Dataset entries
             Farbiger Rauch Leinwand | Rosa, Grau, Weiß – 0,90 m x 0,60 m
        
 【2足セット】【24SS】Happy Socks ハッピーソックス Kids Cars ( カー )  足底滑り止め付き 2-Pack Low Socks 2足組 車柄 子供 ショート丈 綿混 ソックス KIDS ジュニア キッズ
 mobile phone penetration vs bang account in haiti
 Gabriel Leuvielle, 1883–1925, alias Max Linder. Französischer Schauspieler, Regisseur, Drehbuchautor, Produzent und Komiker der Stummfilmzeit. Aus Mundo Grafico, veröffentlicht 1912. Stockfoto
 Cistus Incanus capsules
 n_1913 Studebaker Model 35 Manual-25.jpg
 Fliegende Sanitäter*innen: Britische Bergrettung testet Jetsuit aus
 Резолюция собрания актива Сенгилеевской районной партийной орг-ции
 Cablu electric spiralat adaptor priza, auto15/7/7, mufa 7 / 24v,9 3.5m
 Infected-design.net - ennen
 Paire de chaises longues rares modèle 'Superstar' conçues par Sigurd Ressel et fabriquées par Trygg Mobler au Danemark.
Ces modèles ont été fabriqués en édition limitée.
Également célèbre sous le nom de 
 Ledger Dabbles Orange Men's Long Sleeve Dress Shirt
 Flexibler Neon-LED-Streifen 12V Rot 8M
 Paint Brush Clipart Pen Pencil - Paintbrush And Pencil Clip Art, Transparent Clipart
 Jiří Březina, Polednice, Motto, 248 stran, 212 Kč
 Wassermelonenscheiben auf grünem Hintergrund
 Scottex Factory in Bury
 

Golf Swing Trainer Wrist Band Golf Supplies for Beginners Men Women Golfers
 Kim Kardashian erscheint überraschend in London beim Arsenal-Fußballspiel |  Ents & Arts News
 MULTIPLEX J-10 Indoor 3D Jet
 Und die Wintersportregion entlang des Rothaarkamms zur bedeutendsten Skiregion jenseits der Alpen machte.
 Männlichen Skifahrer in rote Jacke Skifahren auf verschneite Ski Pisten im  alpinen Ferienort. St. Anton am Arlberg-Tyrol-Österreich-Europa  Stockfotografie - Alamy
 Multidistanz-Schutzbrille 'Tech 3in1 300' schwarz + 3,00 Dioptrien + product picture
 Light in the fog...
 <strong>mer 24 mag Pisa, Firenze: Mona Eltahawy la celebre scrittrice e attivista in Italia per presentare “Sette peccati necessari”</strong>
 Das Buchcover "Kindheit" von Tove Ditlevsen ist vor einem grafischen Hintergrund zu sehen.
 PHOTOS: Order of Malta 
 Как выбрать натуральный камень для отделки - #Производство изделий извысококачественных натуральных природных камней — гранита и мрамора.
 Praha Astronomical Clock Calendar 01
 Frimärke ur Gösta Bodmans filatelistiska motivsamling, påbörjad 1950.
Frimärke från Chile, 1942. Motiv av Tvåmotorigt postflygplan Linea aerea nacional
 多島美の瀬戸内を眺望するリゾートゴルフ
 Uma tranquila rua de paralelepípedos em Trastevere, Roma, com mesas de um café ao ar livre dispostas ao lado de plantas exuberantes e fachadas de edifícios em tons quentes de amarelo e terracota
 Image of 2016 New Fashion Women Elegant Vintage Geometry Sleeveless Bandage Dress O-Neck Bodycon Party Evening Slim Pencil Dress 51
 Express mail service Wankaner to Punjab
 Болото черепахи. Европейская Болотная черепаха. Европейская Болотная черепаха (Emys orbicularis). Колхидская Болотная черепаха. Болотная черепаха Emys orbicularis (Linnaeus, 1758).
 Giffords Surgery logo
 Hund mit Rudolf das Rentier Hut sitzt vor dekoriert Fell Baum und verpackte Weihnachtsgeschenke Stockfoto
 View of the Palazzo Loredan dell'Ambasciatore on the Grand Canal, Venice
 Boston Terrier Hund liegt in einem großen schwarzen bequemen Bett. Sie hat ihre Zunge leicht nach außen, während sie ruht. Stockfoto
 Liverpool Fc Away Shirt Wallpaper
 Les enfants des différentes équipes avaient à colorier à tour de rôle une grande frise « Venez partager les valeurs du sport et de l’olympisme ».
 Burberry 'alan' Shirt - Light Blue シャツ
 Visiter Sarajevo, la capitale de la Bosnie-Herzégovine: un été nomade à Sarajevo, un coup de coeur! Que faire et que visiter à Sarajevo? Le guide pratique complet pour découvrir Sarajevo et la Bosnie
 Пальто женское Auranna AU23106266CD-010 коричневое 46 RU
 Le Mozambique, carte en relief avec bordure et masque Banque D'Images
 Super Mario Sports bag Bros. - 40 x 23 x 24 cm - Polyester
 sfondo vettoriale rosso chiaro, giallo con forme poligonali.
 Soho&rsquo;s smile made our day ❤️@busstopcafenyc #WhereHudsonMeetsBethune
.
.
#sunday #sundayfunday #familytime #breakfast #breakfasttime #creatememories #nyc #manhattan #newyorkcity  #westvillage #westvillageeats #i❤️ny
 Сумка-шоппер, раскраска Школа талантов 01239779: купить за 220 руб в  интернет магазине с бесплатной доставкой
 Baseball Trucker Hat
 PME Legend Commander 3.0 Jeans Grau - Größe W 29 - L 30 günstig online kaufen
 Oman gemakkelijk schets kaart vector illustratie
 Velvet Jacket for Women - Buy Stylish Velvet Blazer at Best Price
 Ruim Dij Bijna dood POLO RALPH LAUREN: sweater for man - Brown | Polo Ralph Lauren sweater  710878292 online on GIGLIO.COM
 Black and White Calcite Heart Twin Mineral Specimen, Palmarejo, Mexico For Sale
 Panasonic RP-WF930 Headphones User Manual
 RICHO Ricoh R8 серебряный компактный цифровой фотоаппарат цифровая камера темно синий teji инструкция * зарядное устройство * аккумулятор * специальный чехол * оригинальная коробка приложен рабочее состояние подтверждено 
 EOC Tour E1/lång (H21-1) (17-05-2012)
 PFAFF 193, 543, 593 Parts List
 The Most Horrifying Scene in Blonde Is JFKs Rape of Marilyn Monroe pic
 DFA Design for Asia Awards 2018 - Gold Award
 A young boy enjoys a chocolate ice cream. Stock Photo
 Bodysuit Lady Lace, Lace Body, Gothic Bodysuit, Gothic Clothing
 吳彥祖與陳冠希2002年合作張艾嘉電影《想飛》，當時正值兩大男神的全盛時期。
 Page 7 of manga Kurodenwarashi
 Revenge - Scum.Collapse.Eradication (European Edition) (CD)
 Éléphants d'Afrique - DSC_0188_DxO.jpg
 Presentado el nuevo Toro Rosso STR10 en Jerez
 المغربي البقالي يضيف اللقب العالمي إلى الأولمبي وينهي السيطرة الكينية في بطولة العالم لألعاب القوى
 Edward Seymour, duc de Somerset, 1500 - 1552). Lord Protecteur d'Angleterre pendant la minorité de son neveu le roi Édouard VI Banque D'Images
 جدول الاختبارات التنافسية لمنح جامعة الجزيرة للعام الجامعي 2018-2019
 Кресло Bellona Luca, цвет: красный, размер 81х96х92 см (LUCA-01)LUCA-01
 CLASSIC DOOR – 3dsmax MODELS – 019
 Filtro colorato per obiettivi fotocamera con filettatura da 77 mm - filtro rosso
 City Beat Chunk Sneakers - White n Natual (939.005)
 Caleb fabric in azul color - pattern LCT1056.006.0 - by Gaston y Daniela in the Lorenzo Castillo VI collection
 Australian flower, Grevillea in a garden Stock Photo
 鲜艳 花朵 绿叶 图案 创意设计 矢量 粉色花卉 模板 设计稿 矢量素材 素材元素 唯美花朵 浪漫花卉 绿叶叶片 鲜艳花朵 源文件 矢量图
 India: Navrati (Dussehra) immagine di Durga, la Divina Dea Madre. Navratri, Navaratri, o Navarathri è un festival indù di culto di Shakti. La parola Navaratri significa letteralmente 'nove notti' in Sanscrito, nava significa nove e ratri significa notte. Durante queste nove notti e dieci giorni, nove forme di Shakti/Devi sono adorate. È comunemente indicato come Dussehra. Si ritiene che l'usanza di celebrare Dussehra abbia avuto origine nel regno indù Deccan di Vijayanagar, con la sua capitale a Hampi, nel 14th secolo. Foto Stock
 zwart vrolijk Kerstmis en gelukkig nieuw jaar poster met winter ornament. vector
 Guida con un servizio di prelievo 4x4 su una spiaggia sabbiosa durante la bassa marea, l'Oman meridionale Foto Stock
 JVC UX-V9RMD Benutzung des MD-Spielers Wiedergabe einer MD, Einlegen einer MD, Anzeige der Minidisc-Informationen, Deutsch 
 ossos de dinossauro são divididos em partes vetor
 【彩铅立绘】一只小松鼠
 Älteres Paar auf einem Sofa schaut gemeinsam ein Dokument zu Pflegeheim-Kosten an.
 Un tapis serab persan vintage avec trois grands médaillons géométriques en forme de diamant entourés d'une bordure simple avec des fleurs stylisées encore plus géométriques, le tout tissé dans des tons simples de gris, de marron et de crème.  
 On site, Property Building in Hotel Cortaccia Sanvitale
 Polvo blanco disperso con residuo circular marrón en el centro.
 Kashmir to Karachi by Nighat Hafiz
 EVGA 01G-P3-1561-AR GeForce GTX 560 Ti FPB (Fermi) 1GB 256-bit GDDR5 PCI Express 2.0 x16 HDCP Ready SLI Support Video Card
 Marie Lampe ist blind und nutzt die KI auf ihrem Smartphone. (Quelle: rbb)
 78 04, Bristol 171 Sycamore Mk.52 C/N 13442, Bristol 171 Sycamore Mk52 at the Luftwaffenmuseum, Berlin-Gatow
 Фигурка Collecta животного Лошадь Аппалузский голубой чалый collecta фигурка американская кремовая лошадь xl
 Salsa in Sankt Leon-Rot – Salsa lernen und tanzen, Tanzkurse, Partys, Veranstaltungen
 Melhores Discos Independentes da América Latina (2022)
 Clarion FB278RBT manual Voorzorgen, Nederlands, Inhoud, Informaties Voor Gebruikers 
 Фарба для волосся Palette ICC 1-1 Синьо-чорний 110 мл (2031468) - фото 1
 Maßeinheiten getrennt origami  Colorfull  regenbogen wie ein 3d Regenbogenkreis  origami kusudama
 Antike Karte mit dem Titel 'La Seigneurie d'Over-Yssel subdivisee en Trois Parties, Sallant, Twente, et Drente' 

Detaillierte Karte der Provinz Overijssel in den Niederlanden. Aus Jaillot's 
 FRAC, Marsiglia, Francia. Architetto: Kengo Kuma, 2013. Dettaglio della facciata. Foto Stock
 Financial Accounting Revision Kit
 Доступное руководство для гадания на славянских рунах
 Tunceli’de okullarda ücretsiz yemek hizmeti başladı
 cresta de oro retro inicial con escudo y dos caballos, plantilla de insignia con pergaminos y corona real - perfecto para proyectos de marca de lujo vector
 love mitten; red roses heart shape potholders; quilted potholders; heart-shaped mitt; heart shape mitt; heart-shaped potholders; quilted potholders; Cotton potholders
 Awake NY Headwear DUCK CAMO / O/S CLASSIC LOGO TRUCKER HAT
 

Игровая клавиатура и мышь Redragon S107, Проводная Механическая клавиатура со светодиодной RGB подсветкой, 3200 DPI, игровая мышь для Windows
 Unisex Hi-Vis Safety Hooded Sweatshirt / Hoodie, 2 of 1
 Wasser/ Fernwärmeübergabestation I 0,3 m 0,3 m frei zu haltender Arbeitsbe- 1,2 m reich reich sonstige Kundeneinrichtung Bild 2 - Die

*TASK DIRECTIONS:* Repeat, exactly as they stand above, the lines from the line with "Express mail service Wankaner to Punjab" to the line with "Panasonic RP-WF930 Headphones User Manual", both lines included.

*RESPONSE:*
 Express mail service Wankaner to Punjab
 Болото черепахи. Европейская Болотная черепаха. Европейская Болотная черепаха (Emys orbicularis). Колхидская Болотная черепаха. Болотная черепаха Emys orbicularis (Linnaeus, 1758).
 Giffords Surgery logo
 Hund mit Rudolf das Rentier Hut sitzt vor dekoriert Fell Baum und verpackte Weihnachtsgeschenke Stockfoto
 View of the Palazzo Loredan dell'Ambasciatore on the Grand Canal, Venice
 Boston Terrier Hund liegt in einem großen schwarzen bequemen Bett. Sie hat ihre Zunge leicht nach außen, während sie ruht. Stockfoto
 Liverpool Fc Away Shirt Wallpaper
 Les enfants des différentes équipes avaient à colorier à tour de rôle une grande frise « Venez partager les valeurs du sport et de l’olympisme ».
 Burberry 'alan' Shirt - Light Blue シャツ
 Visiter Sarajevo, la capitale de la Bosnie-Herzégovine: un été nomade à Sarajevo, un coup de coeur! Que faire et que visiter à Sarajevo? Le guide pratique complet pour découvrir Sarajevo et la Bosnie
 Пальто женское Auranna AU23106266CD-010 коричневое 46 RU
 Le Mozambique, carte en relief avec bordure et masque Banque D'Images
 Super Mario Sports bag Bros. - 40 x 23 x 24 cm - Polyester
 sfondo vettoriale rosso chiaro, giallo con forme poligonali.
 Soho&rsquo;s smile made our day ❤️@busstopcafenyc #WhereHudsonMeetsBethune
.
.
#sunday #sundayfunday #familytime #breakfast #breakfasttime #creatememories #nyc #manhattan #newyorkcity  #westvillage #westvillageeats #i❤️ny
 Сумка-шоппер, раскраска Школа талантов 01239779: купить за 220 руб в  интернет магазине с бесплатной доставкой
 Baseball Trucker Hat
 PME Legend Commander 3.0 Jeans Grau - Größe W 29 - L 30 günstig online kaufen
 Oman gemakkelijk schets kaart vector illustratie
 Velvet Jacket for Women - Buy Stylish Velvet Blazer at Best Price
 Ruim Dij Bijna dood POLO RALPH LAUREN: sweater for man - Brown | Polo Ralph Lauren sweater  710878292 online on GIGLIO.COM
 Black and White Calcite Heart Twin Mineral Specimen, Palmarejo, Mexico For Sale
 Panasonic RP-WF930 Headphones User Manual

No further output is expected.